Dive Brief:
- Despite lengthy cloud adoption efforts, just 14% of enterprises have reached the highest level of cloud maturity, according to a survey published by NTT Data. The technology services company surveyed 2,300 senior decision-makers in 33 countries for its Thursday report.
- With most businesses still in the earliest stages of cloud maturity, where cloud is used for isolated workloads or infrastructure hosting, fewer than half of surveyed leaders said they were fully satisfied with cloud's role in innovation efforts, according to the survey.
- The disconnect between cloud readiness and AI deployment plans is leading most businesses to rethink their cloud spend. Three-quarters of companies expect to increase their cloud spending significantly in the next two years, NTT Data found.
Dive Insight:
Cloud is key to scaling AI adoption, as quality results from advanced models require the right infrastructure and data. But most enterprises have been unable to fully modernize legacy cloud estates, preventing rich datasets from delivering value.
In an effort to attract enterprise customers, hyperscalers have expanded their menu of AI offerings and pitched themselves as the natural providers of AI services.
The focus on enterprise spend is already showing up on their balance sheets.
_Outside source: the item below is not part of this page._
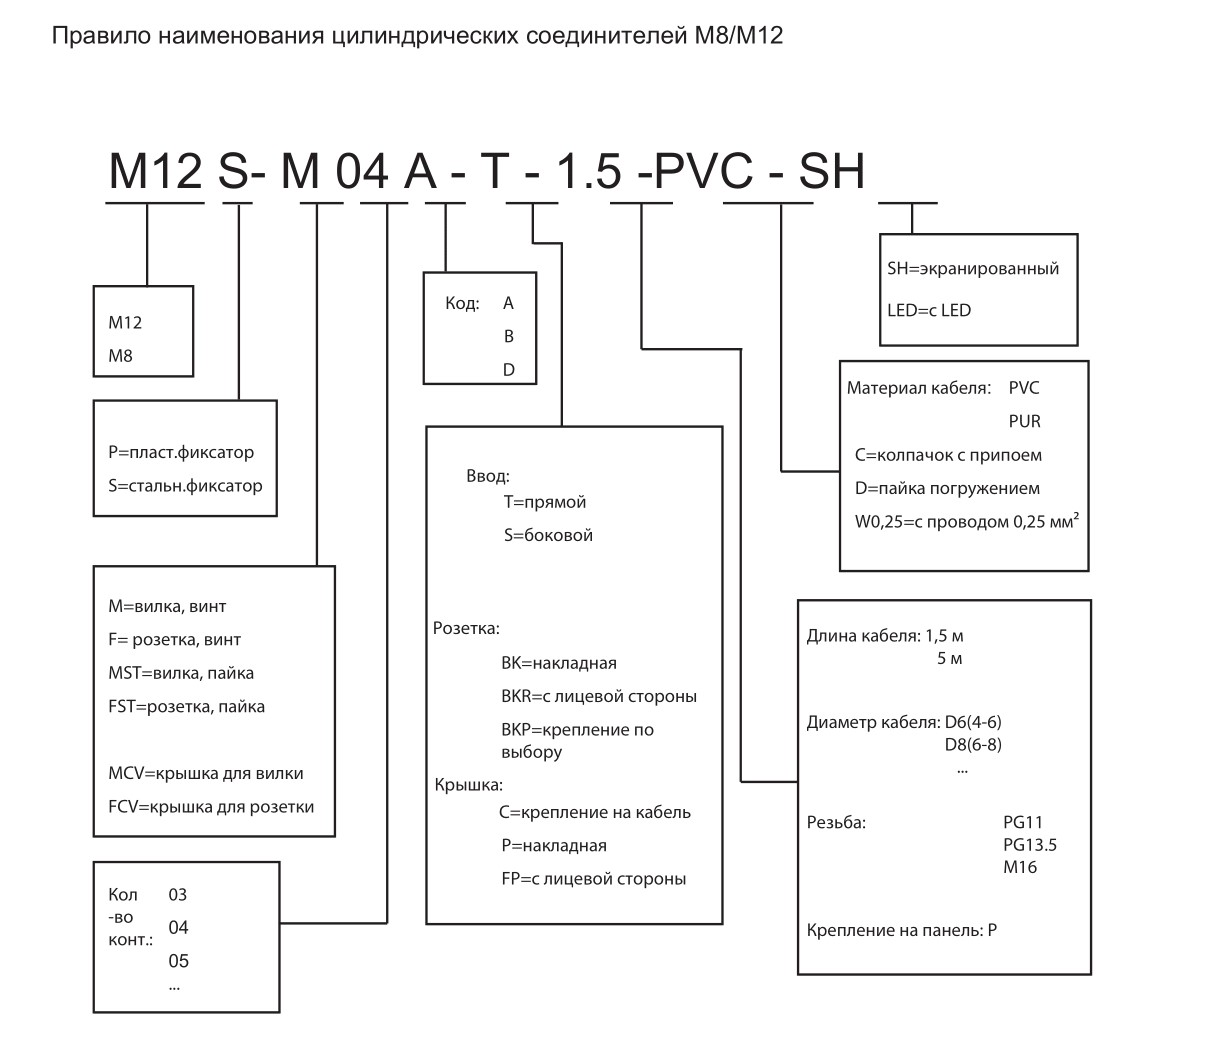 Цилиндрический соединитель-вилка/розетка (каб. сборка) M12-M04D-T/F04D-T-1.0-PUR-PFN 1630040014011: Структура обозначения

The market for cloud infrastructure services — led by AWS, Microsoft and Google — reached $419 billion last year, according to Synergy Research Group data. The analyst firm credits generative AI services as a major driver for growth.
“Cloud has moved well beyond infrastructure and is now the execution layer for AI,” Charlie Li, president and global head of cloud and security at NTT DATA, said in a release accompanying the report. “Organizations that fail to evolve their cloud foundations risk constraining the growth and value of their AI investments.”
But cloud immaturity is not the only obstacle to enterprise AI. Nearly half of cloud leaders surveyed by NTT Data listed a lack of AI skills as a key blocker to hindering their cloud strategies over the coming year. The skills gaps worsen another problem in cloud: stubborn legacy implementations.
“Many organizations manage complex application estates that are difficult to refactor, integrate or retire,” NTT Data said in its report. “Skills gaps in cloud-native development, automation and DevOps compound the challenge, slowing progress and increasing execution risk as AI places new demands on application architecture.”